• **Work item**
A faithful copy of all the data is the goal; omit the pictures.

• **Source data**
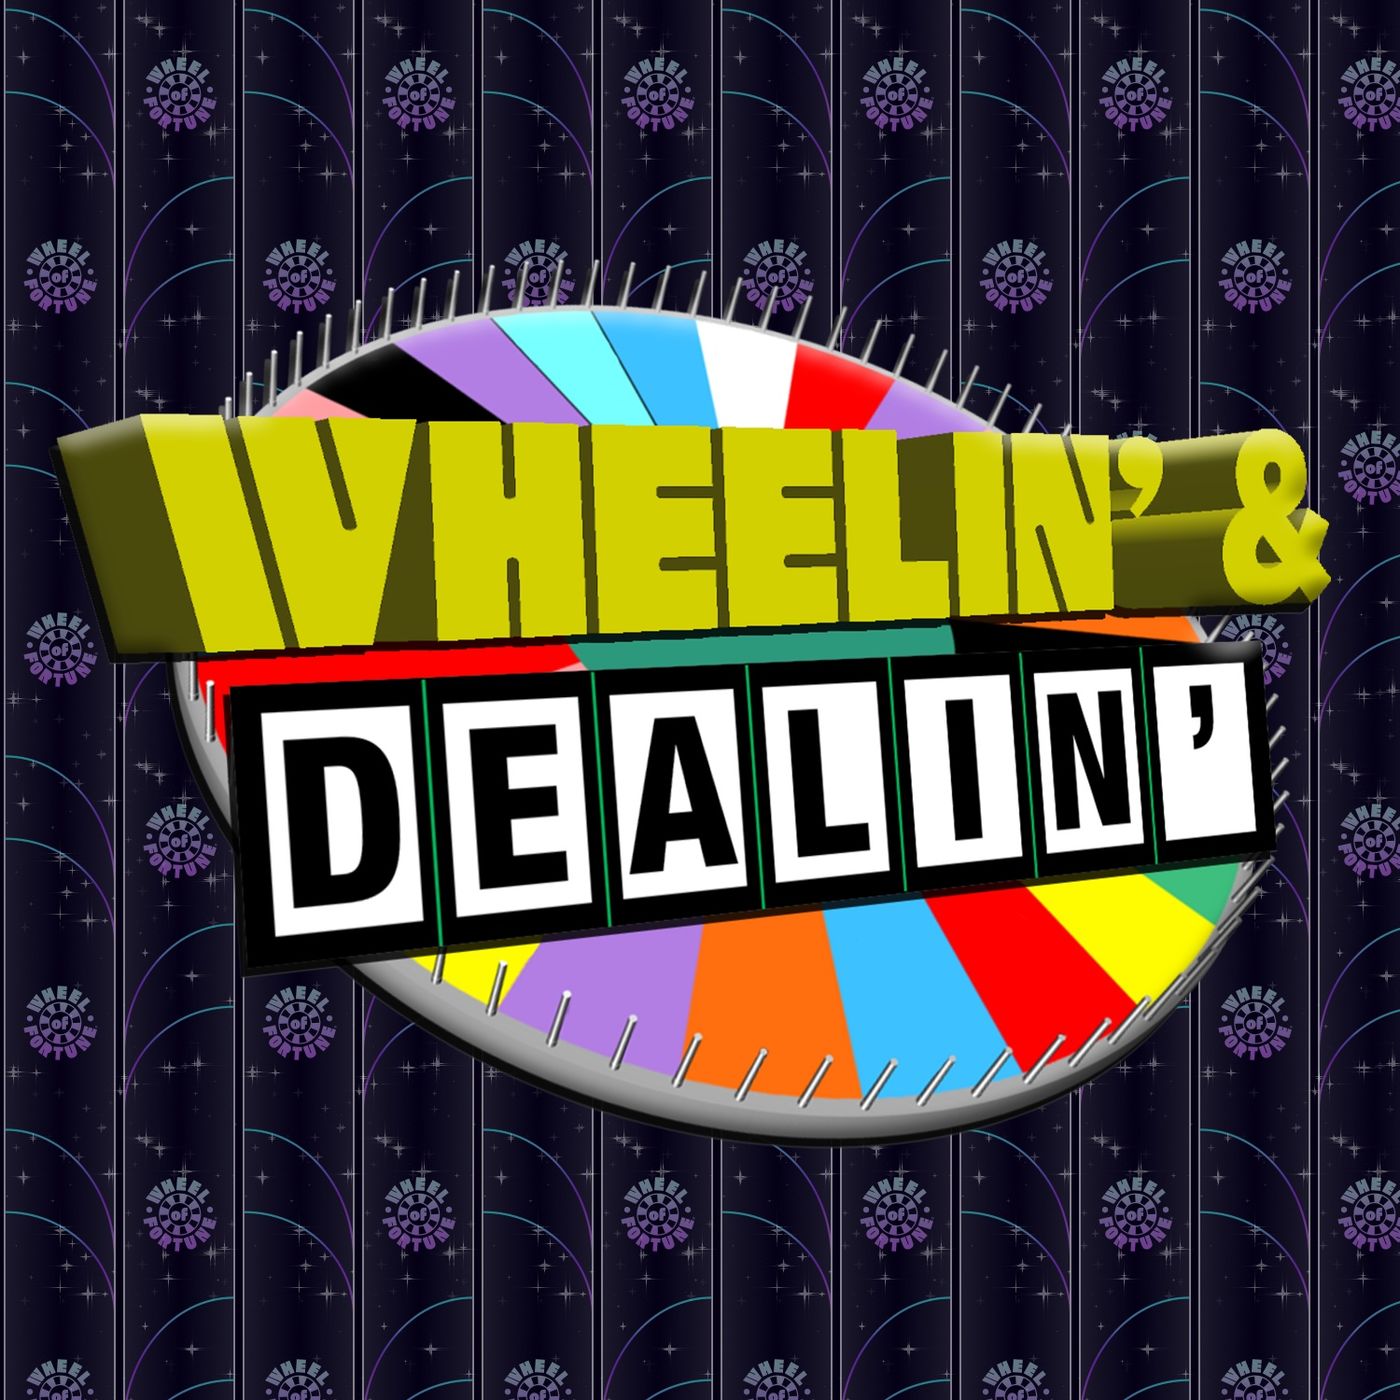 Wheelin' & Dealin' EPISODE 2: I'VE GOT A GOLDEN TICKET
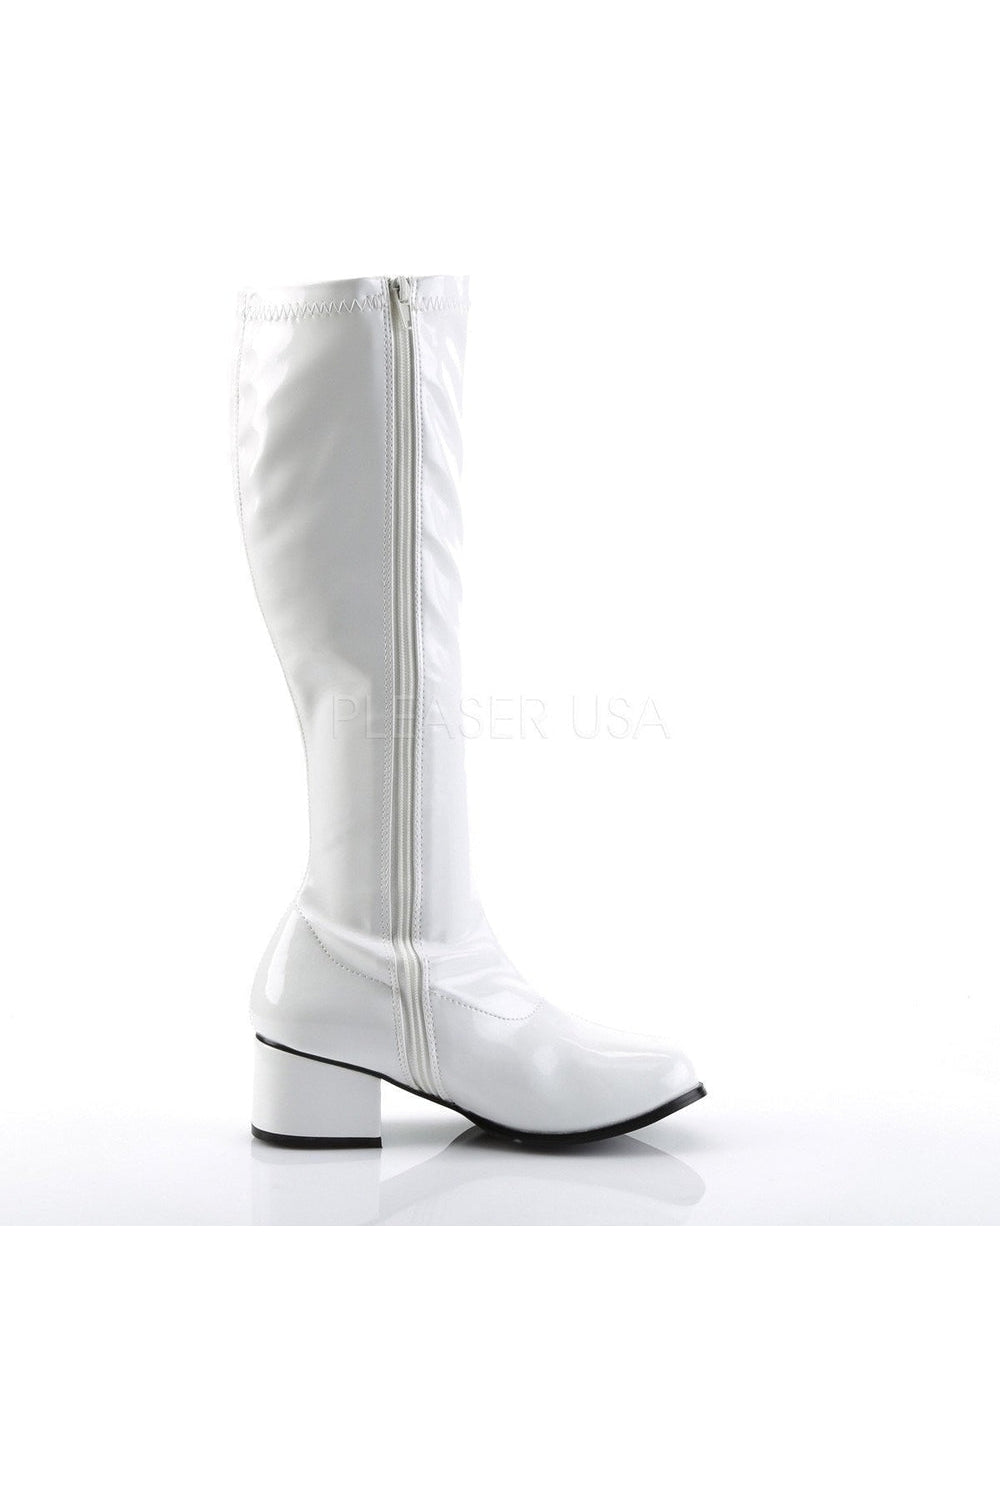 RETRO-300 Go Go Boot | White Patent-Funtasma-Knee Boots-SEXYSHOES.COM
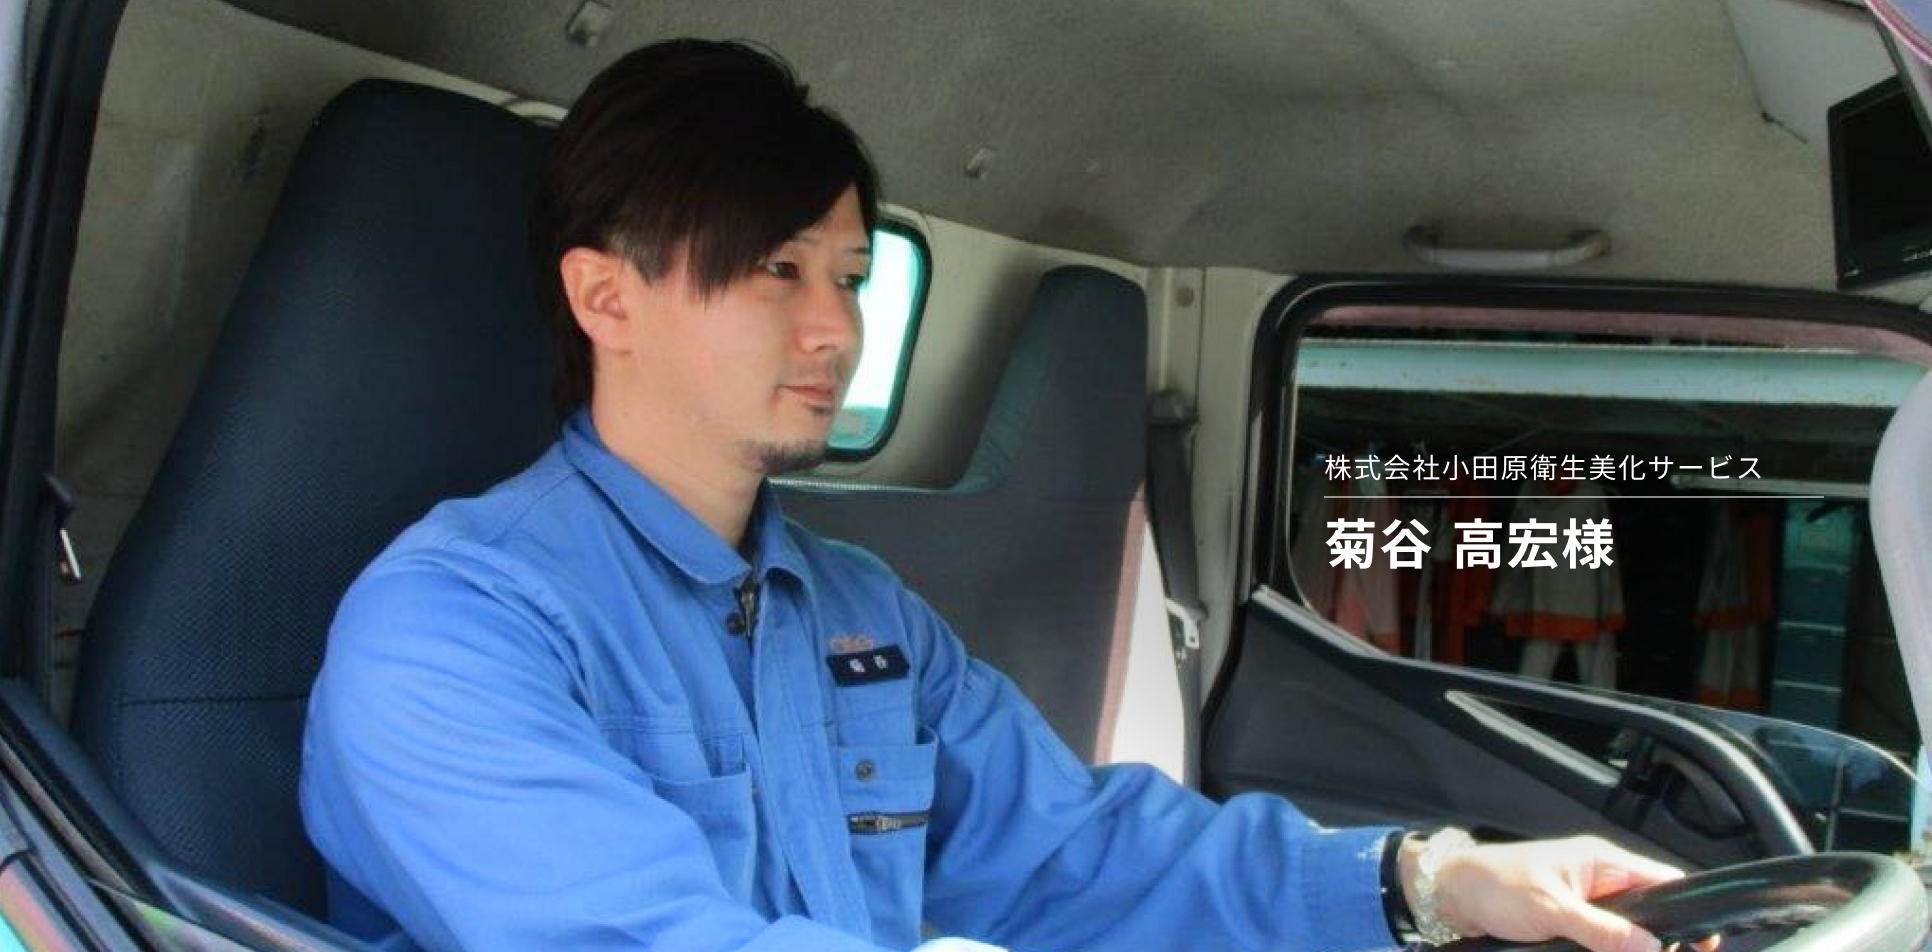 基本動作が安全運転につながる。小田原衛生美化サービスのドライバーが高スコアを維持できる理由とは？
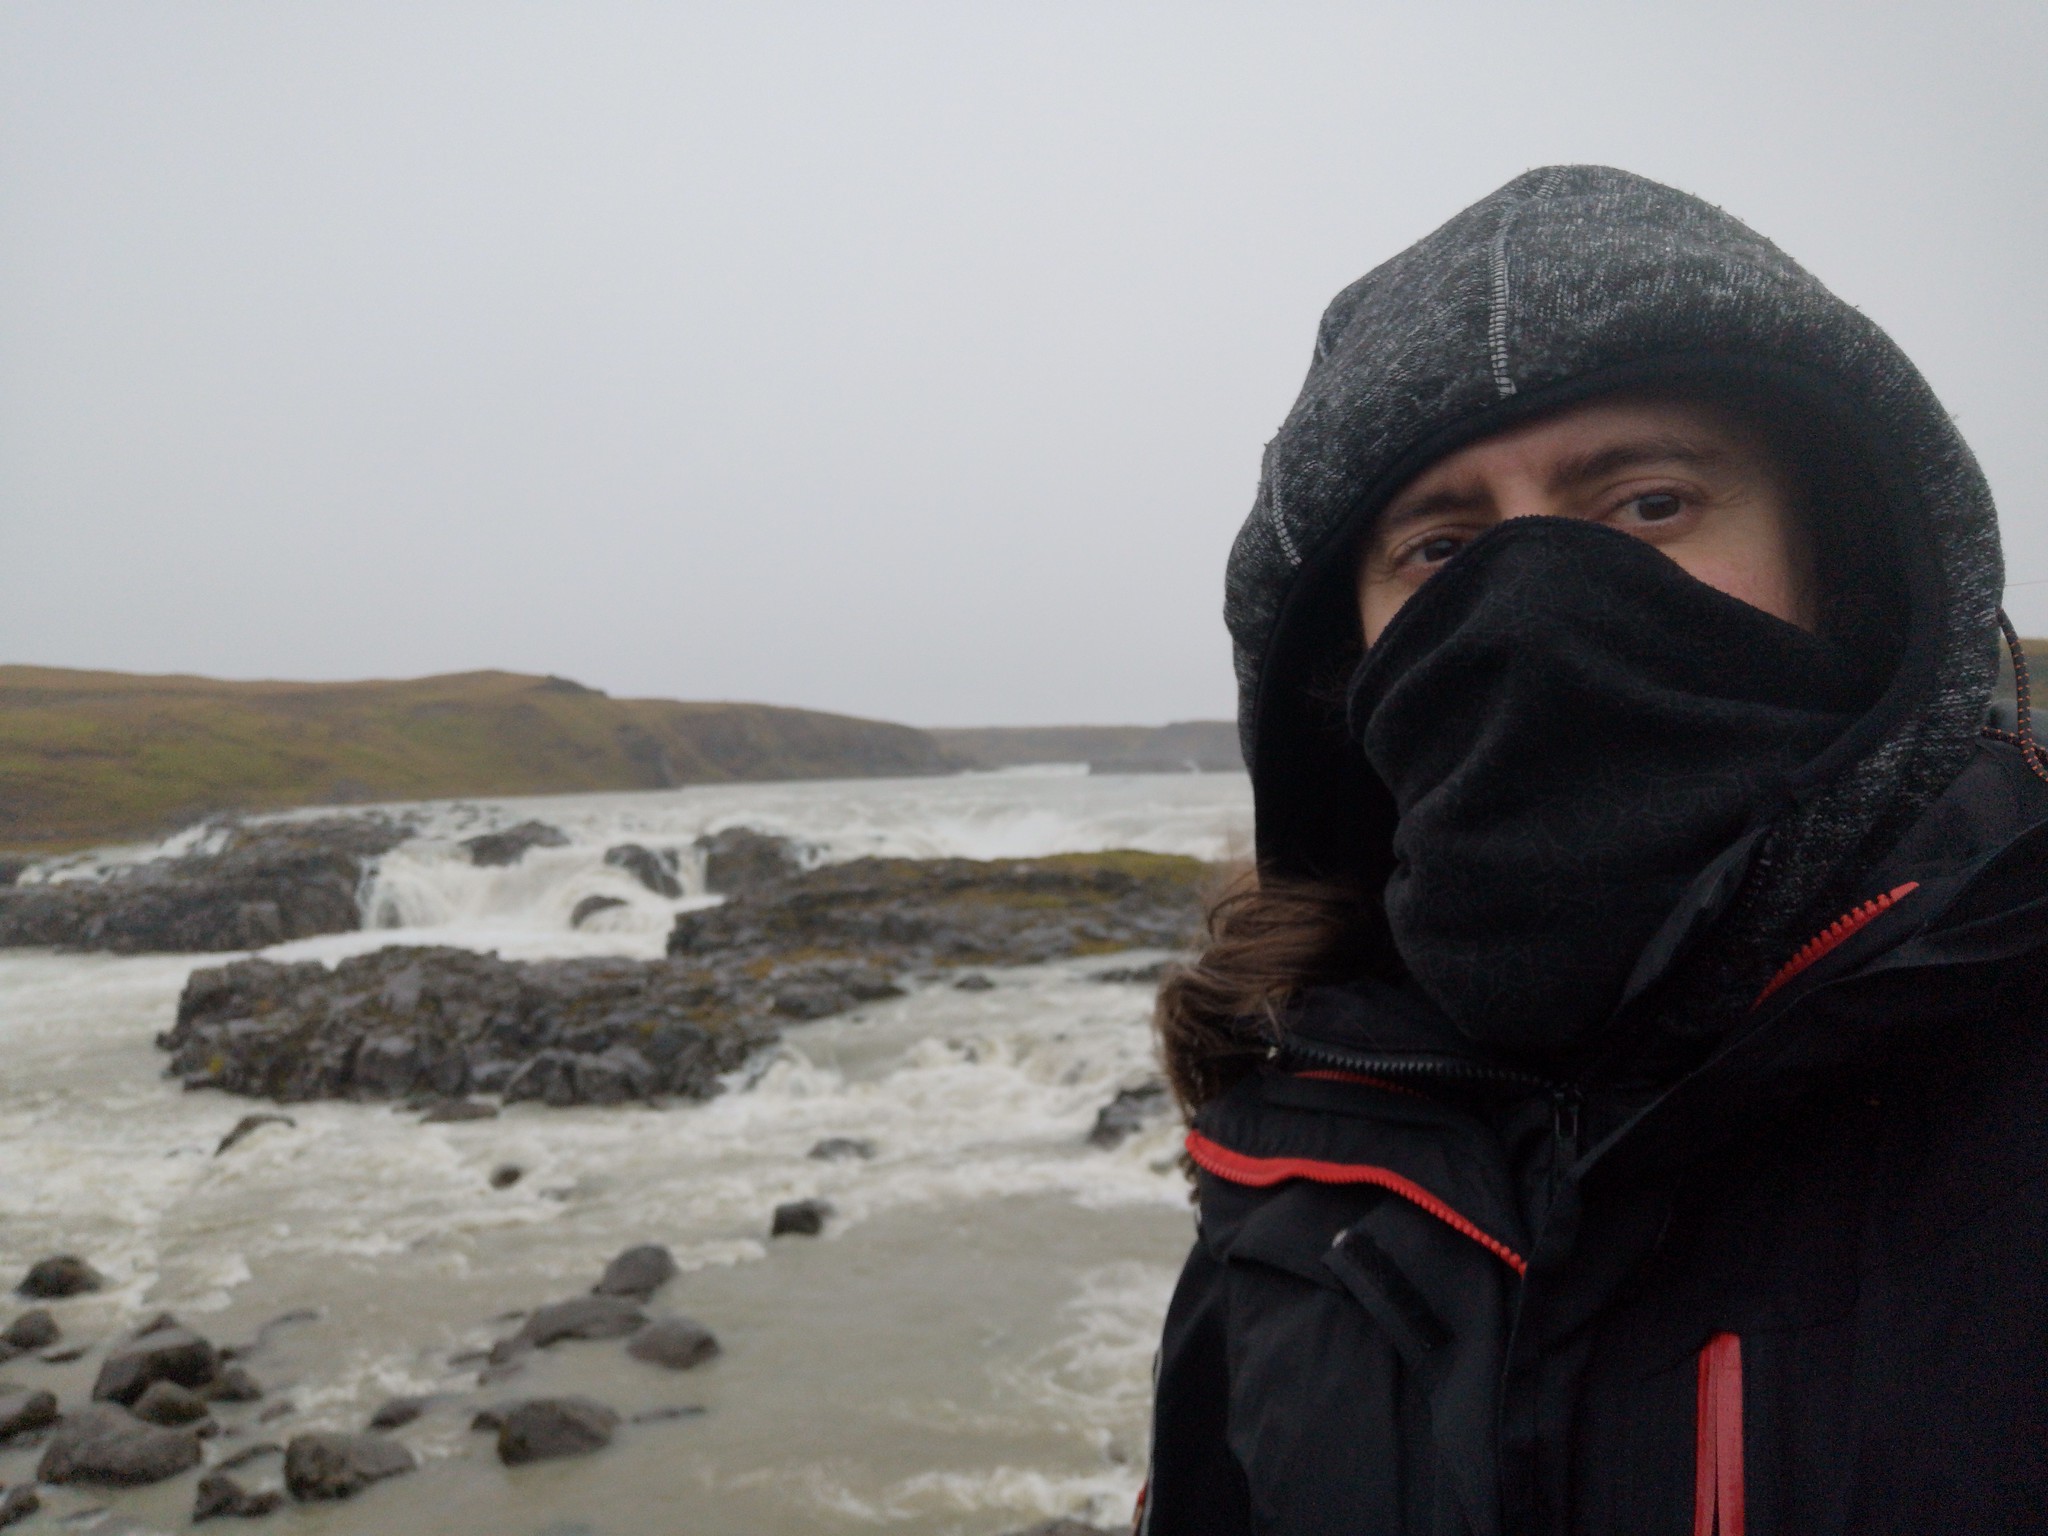 Las cascadas más espectaculares del Sur de Islandia. ¡No te las pierdas!

• **Result**
 Wheelin' & Dealin' EPISODE 2: I'VE GOT A GOLDEN TICKET
 RETRO-300 Go Go Boot | White Patent-Funtasma-Knee Boots-SEXYSHOES.COM
 基本動作が安全運転につながる。小田原衛生美化サービスのドライバーが高スコアを維持できる理由とは？
 Las cascadas más espectaculares del Sur de Islandia. ¡No te las pierdas!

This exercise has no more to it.